## [Exercise prompt]
From the listing below, restate word for word the lines from the line containing "Teal Wedding Cakes" down through the line containing "The Cake Mama Teal Wedding cake". Exclude pictures.

## [Data listing]
┌────────
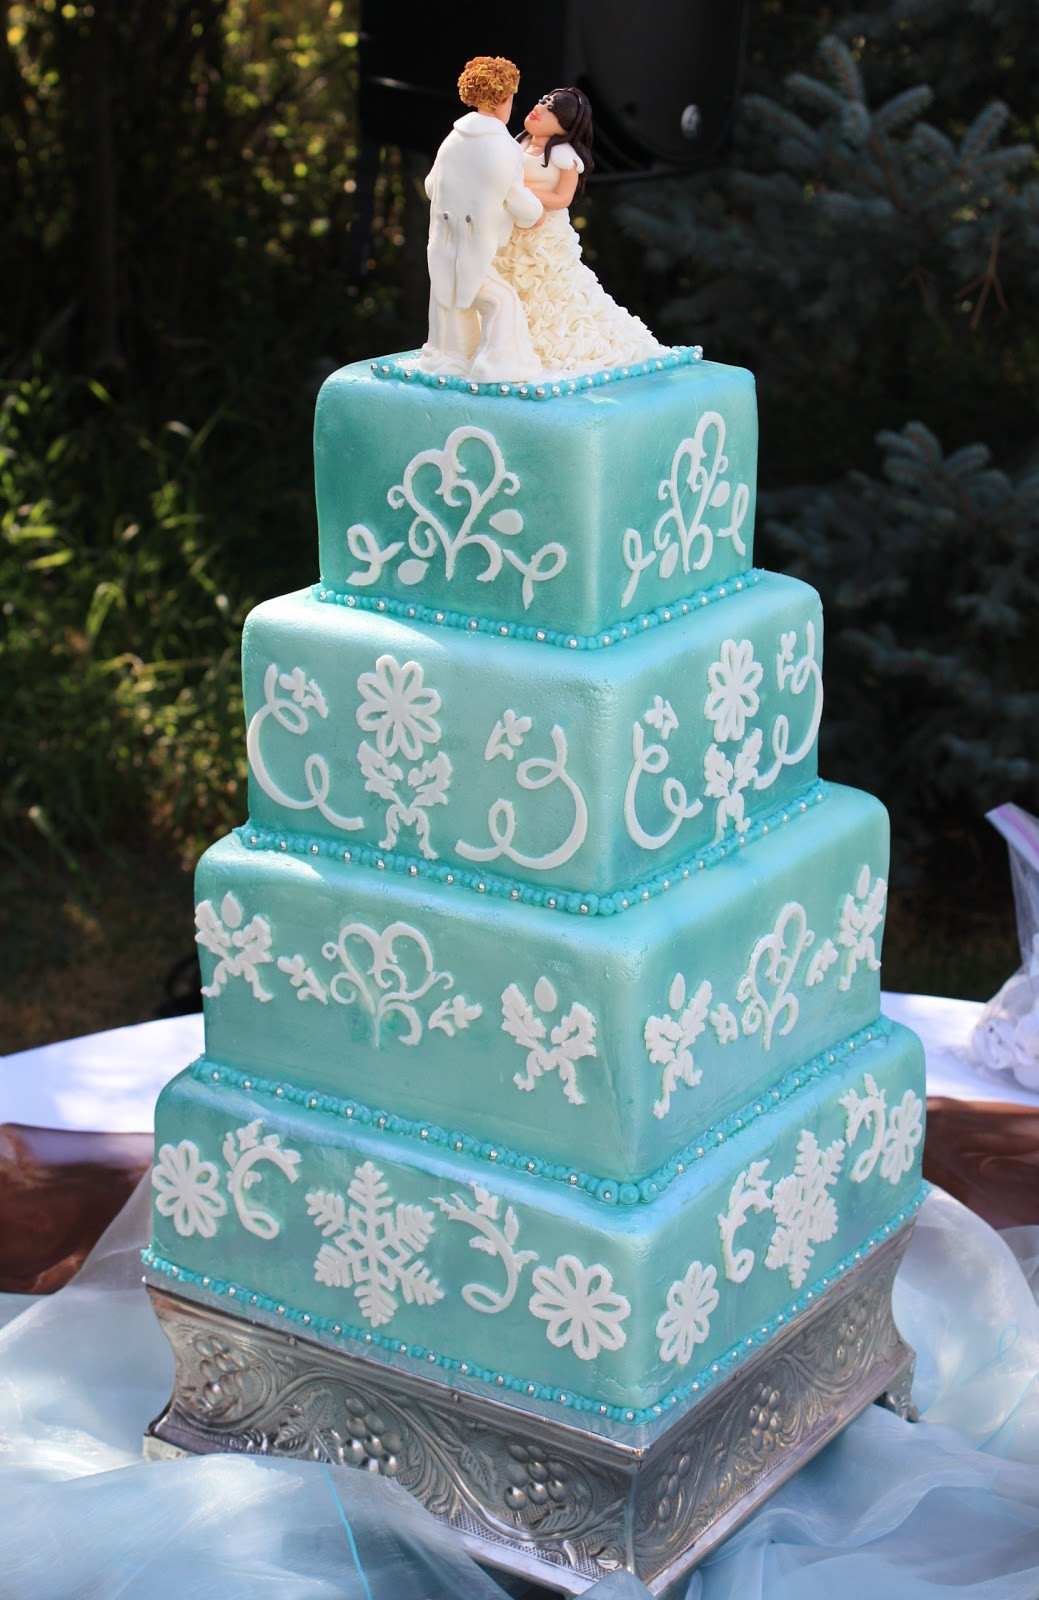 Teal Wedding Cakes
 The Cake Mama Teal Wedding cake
└────────
┌────────
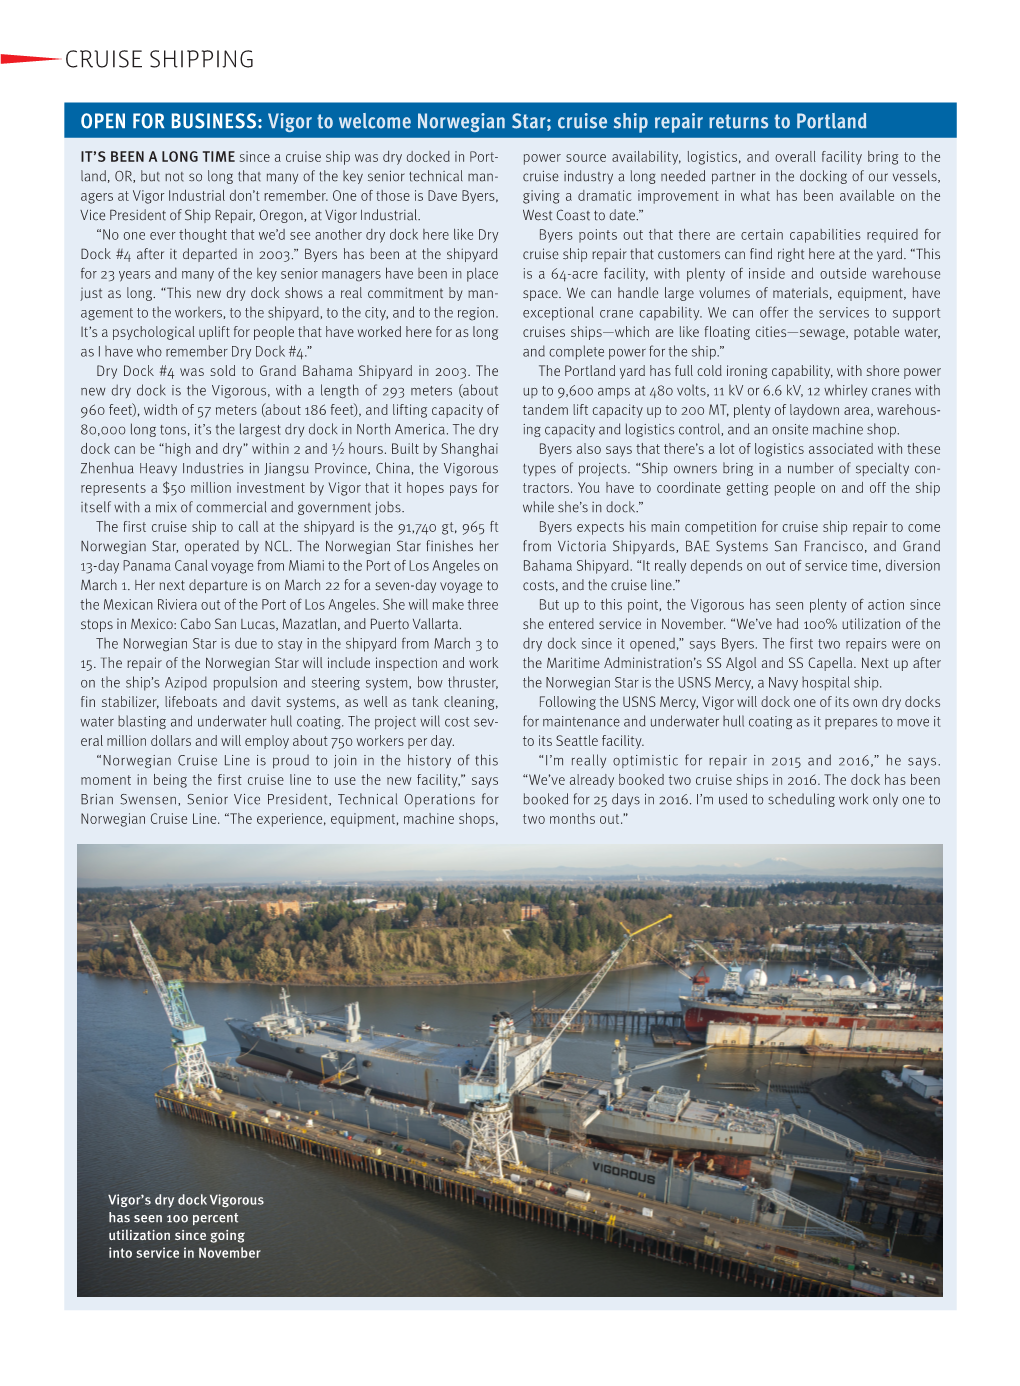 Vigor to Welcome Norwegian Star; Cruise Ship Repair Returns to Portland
└────────
## [Output of the task]
 Teal Wedding Cakes
 The Cake Mama Teal Wedding cake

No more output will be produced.